University of Rochester
May 28 – 30, 2024

Sense as sampling propensity [poster]

Michael Eric Goodale (Ecole Normale Supérieure de Paris)

Both individuals and predicates can be referred to in different ways which carry different senses or connotations. Despite this being discussed since at least Frege, it poses a deep problem to standard extensional semantics. For example, as discussed by Jennifer Saul, “Clark Kent went into the phone booth and Superman came out” simply means something different from “Superman went into the phone booth and Clark Kent came out”. I introduce a novel way of modelling these kinds of semantic phenomena using Sampling Propensity (Icard, 2016).

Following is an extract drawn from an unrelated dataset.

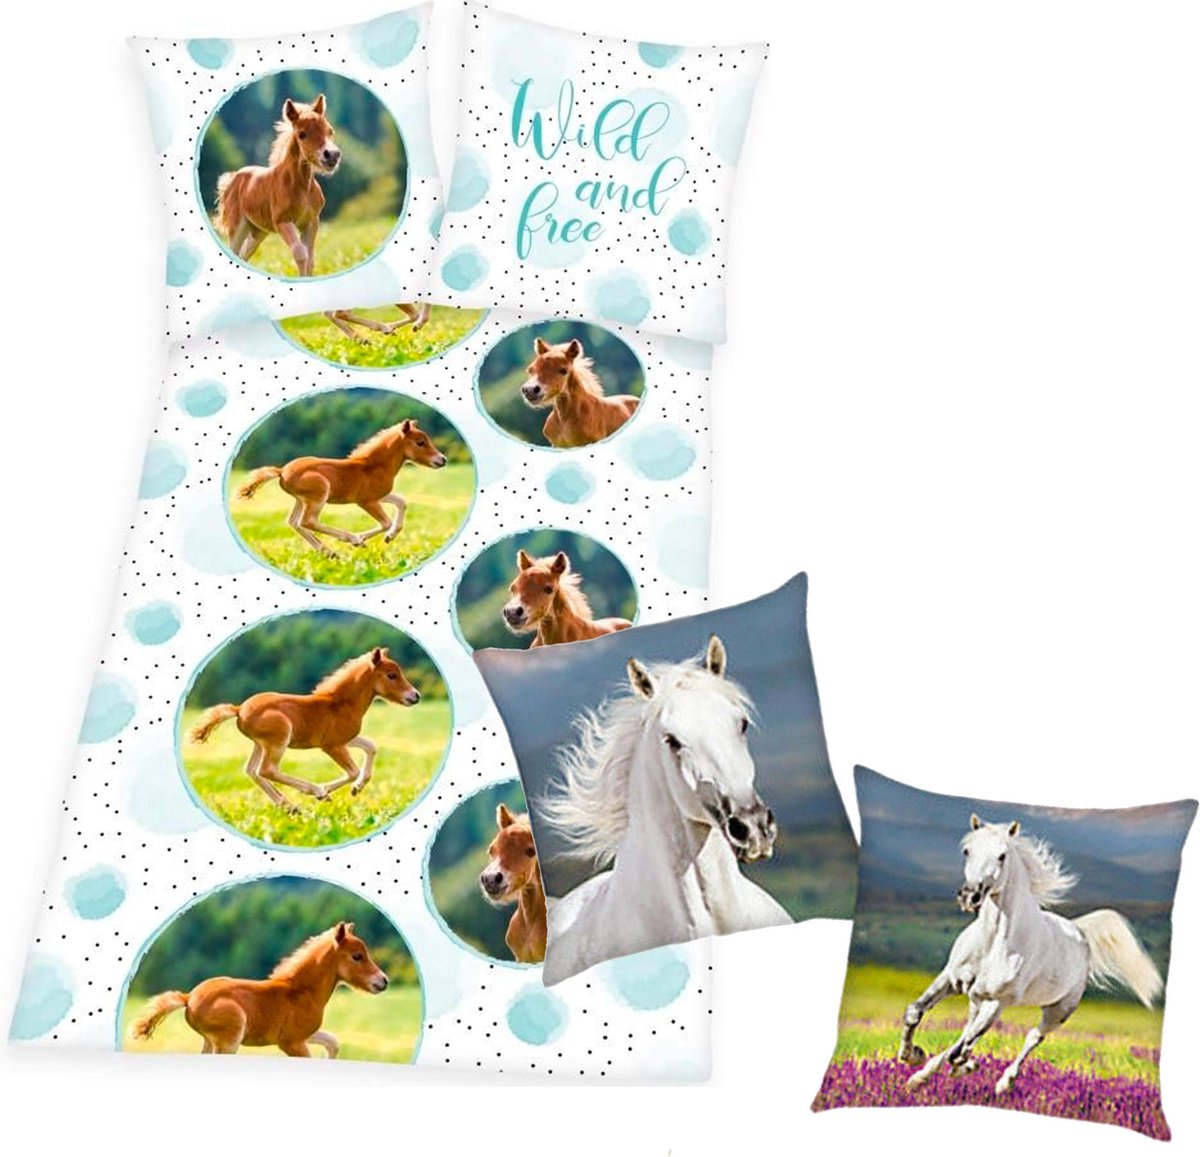 Dekbedovertrek Veulen, 135 x 200 cm, dekbed Paard, eenpersoons - incl. sierkussen wit paard paard 40x40 cm

The core idea is that the basic atoms of semantic calculus are generated from a set of potential candidates via a generative cognitive procedure. In other words, when one thinks of Clark Kent, they directly think of someone wearing glasses or being a mild-mannered journalist, whereas Superman draws to mind blue-and-red leotards and heroics. This sampling procedure is also at play with common nouns in generic sentences like “lions have manes” or “mosquitoes carry malaria”. Crucially, it can distinguish co-extensional nouns like “drink” and “beverage”, which occasionally yield different truth conditions in the same kinds of generic sentences. The compositional framework provides an account of both individual concepts as well as common nouns using a fuzzy logic. The sampling approach also links competence and performance. Finite sampling yields performance and sampling repeatedly converges on competence. This provides a straightforward way to distinguish previously reported phenomena such as the generic flavour of non-partitive “all” which is distinguished from “every”.